Seda Kaya: 'Ulusal eylem planı'
Aile ve Sosyal Politikalar Bakanlığı Kadının Statüsü Genel Müdürlüğü'nün başlattığı "Toplumsal Cinsiyet Eşitliği Ulusal Eylem Planı" çerçevesinde yapılan durum değerlendirmesinde "Kadın ve Medya" bölümünü ele almaya devam edelim.
Dün kadınların medyada görünmesinden söz etmiştik. Bugün de medyada
çalışan kadınlara bir göz atalım.
Yeri geldiğinde hep değiniyorum medyada da diğer sektörlerde ve
kurumlarda olduğu gibi tepedeki kadın sayısı çok az. Bakanlığın
yaptığı açıklamada da "Yazılı basında istihdam edilen
kadınların çoğu haber muhabiri, magazin yazarı ve kadın sayfası
yazarı olarak kurumsal hiyeraşinin daha alt kademelerinde
yoğunlaşmaktadır" deniyor.
Çalışan personelin kadroları incelendiğinde ulusal, yerel ve
bölgesel yayınlarda çalışanların yüzde 34'ünü kadınlar oluşturuyor.
Ve çoğu orta düzeydeki pozisyonlarda görev yapıyorlar. Üst yönetim
kademesi erkeklerden oluşuyor.
YÖNETİCİ KADIN
Bizim gazetemizde olduğu gibi kadın yönetici sayısı olan
gazetelerin sayısı yok denecek kadar az.
Yazılı basın gibi televizyonlarda da durum aynı. Kamu yayıncılığı
yapan TRT yönetiminin en üst seviyesi olan yönetim kurulunda yer
alan 7 üyenin, 4 genel müdür yardımcısının ve 11 yurtdışı
temsilcilerinin tamamı erkek. 17 Daire başkanlığında ise 1 kadın
daire başkanı bulunuyor.
İşte bakanlığın yürüttüğü eylem planının amacı medyada kadının
temsilini artırmak. Bu konuda olumlu çalışmalar da yok değil.
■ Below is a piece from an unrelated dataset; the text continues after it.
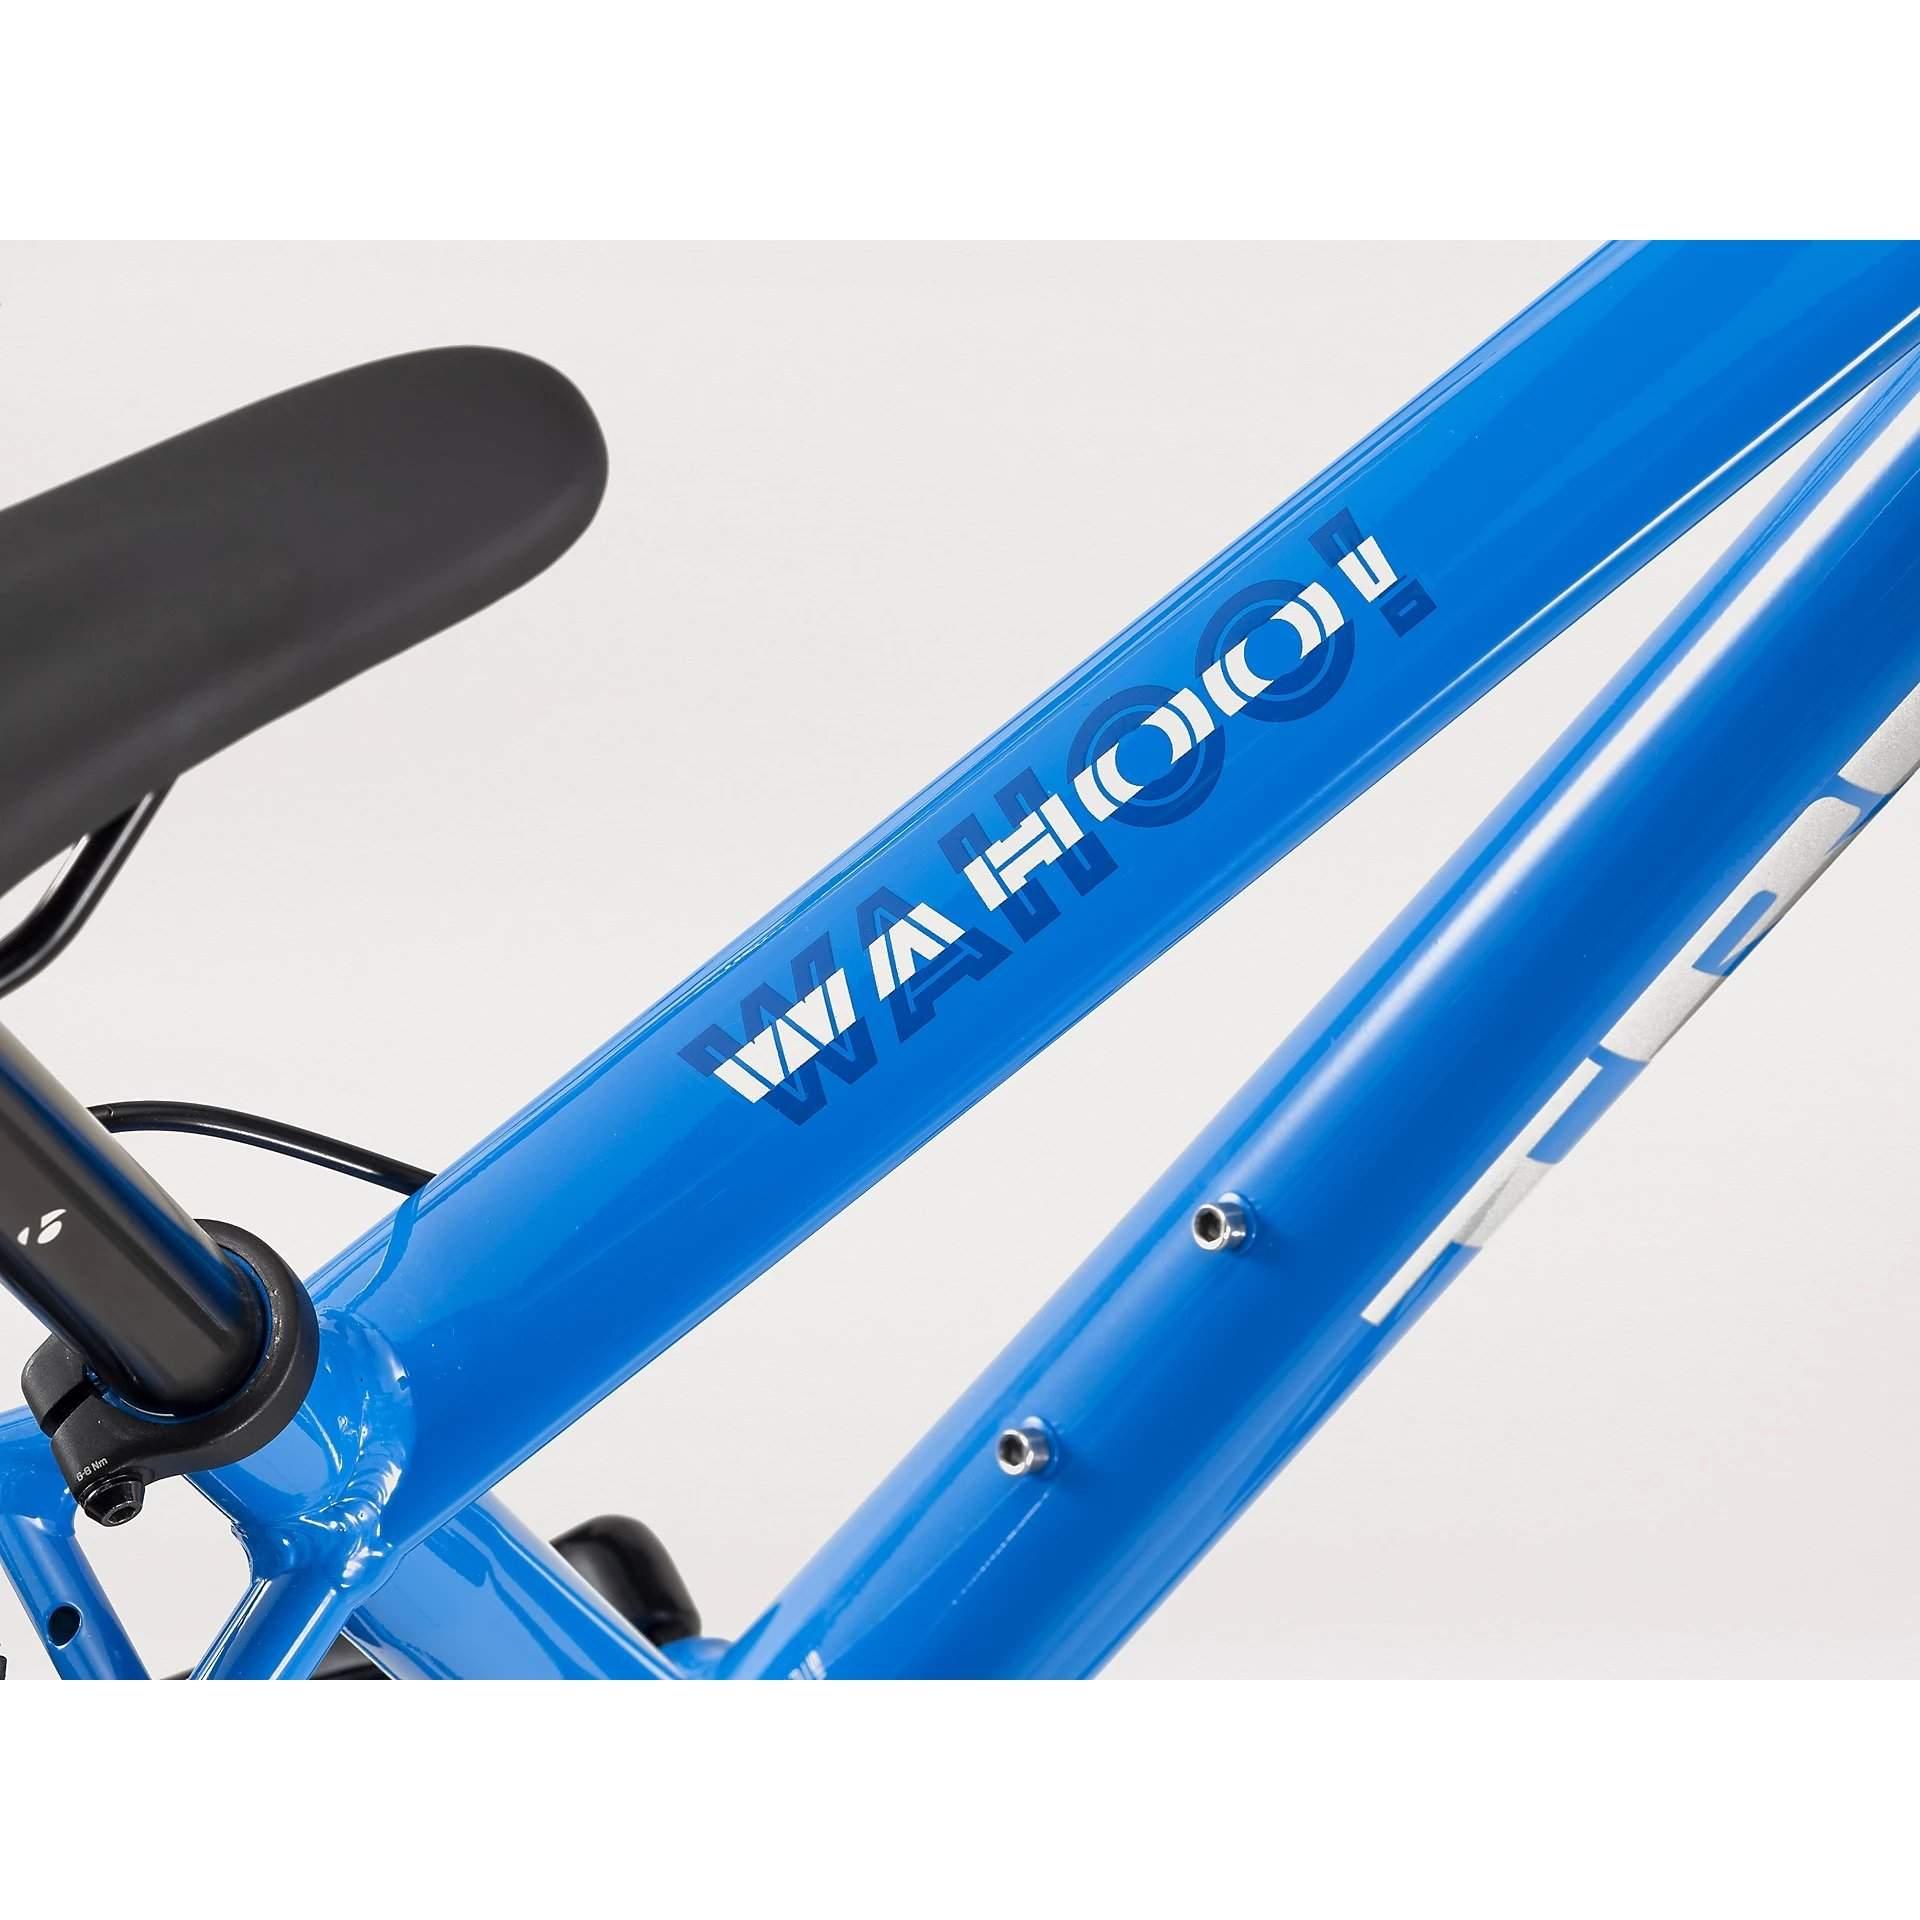 ROWER TREK WAHOO 26 WATERLOO BLUE|QUICKSLVER 7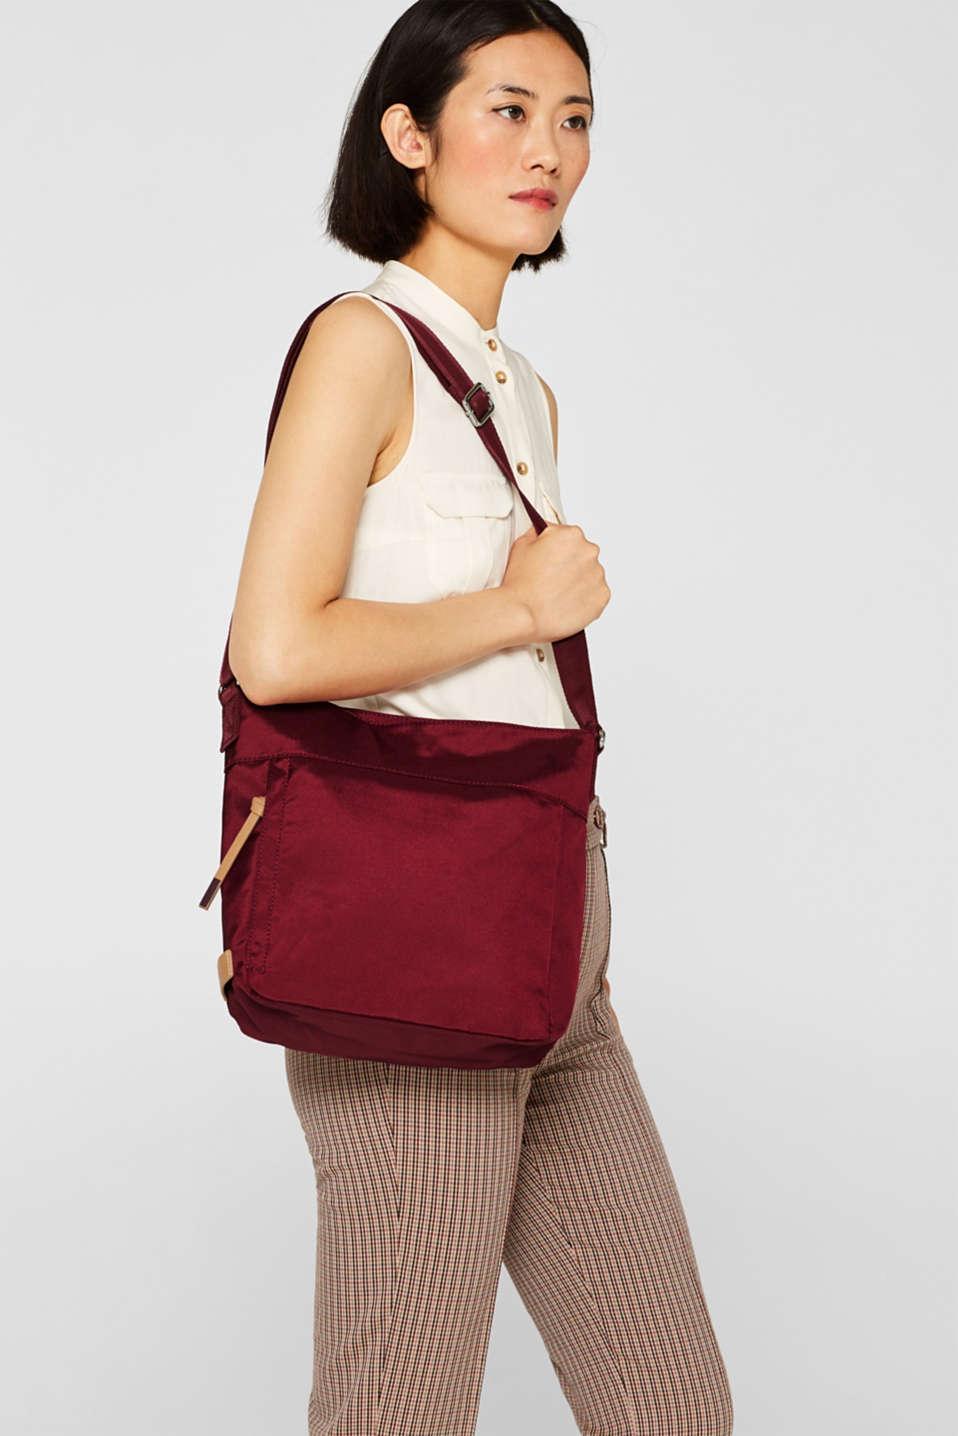 Nylon shoulder bag, BORDEAUX RED, detail image number 1

Özellikle yerli dizilerde ve programlarda çağdaş, özgüvenli,
çalışkan, rasyonel, güçlü ve bağımsız kadın imgesi yer bulmaya
başladı.
Ama Ankara'daki yapılan değerlendirme toplantısında bu değişimin
oldukça yavaş olduğunun ve kadın imgesinin hala toplumsal cinsiyet
eşitliğinden yana olmadığının altı çizildi.
ÇALIŞANLARA EĞİTİM
Üstelik bu imgenin her şeyi tek başına yapmak durumunda olan
"süper kadın" algısına yol açtığını ve bunun da
kadınlar üzerinde baskı yaratabileceğine değinildi. Yani bir
tarafta toplumun istediği role bürünen "ev
kadınları" var. Bir tarafta bununla yetinmeyen ve iş
hayatında da var olmak isteyen kadın. Ama bütün gün dışarıda
çalışması ev işlerinin yükümlülüğünden kurtulmasını sağlamıyor. Bu
görevler yine onun üzerinde kalıyor ve toplum ondan hepsini
başarıyla ürütmesini bekliyor.
Bu da işte toplumsal cinsiyet rollerinin kadının elini
zayıflatmasına neden oluyor. Amaç kadınların medyadaki konumlarını
güçlendirmek. Bunun için de başta TRT olmak üzere tüm medya
kurumlarında çalışanlara yönelik "toplumsal
cinsiyet" eğitimleri verilmesi gerekiyor. çünkü hala pek
çok kadınların önünde hiçbir engel olmadığını ve çalışmak isteyen
her kadının yolunun açık olduğunu düşünüyor.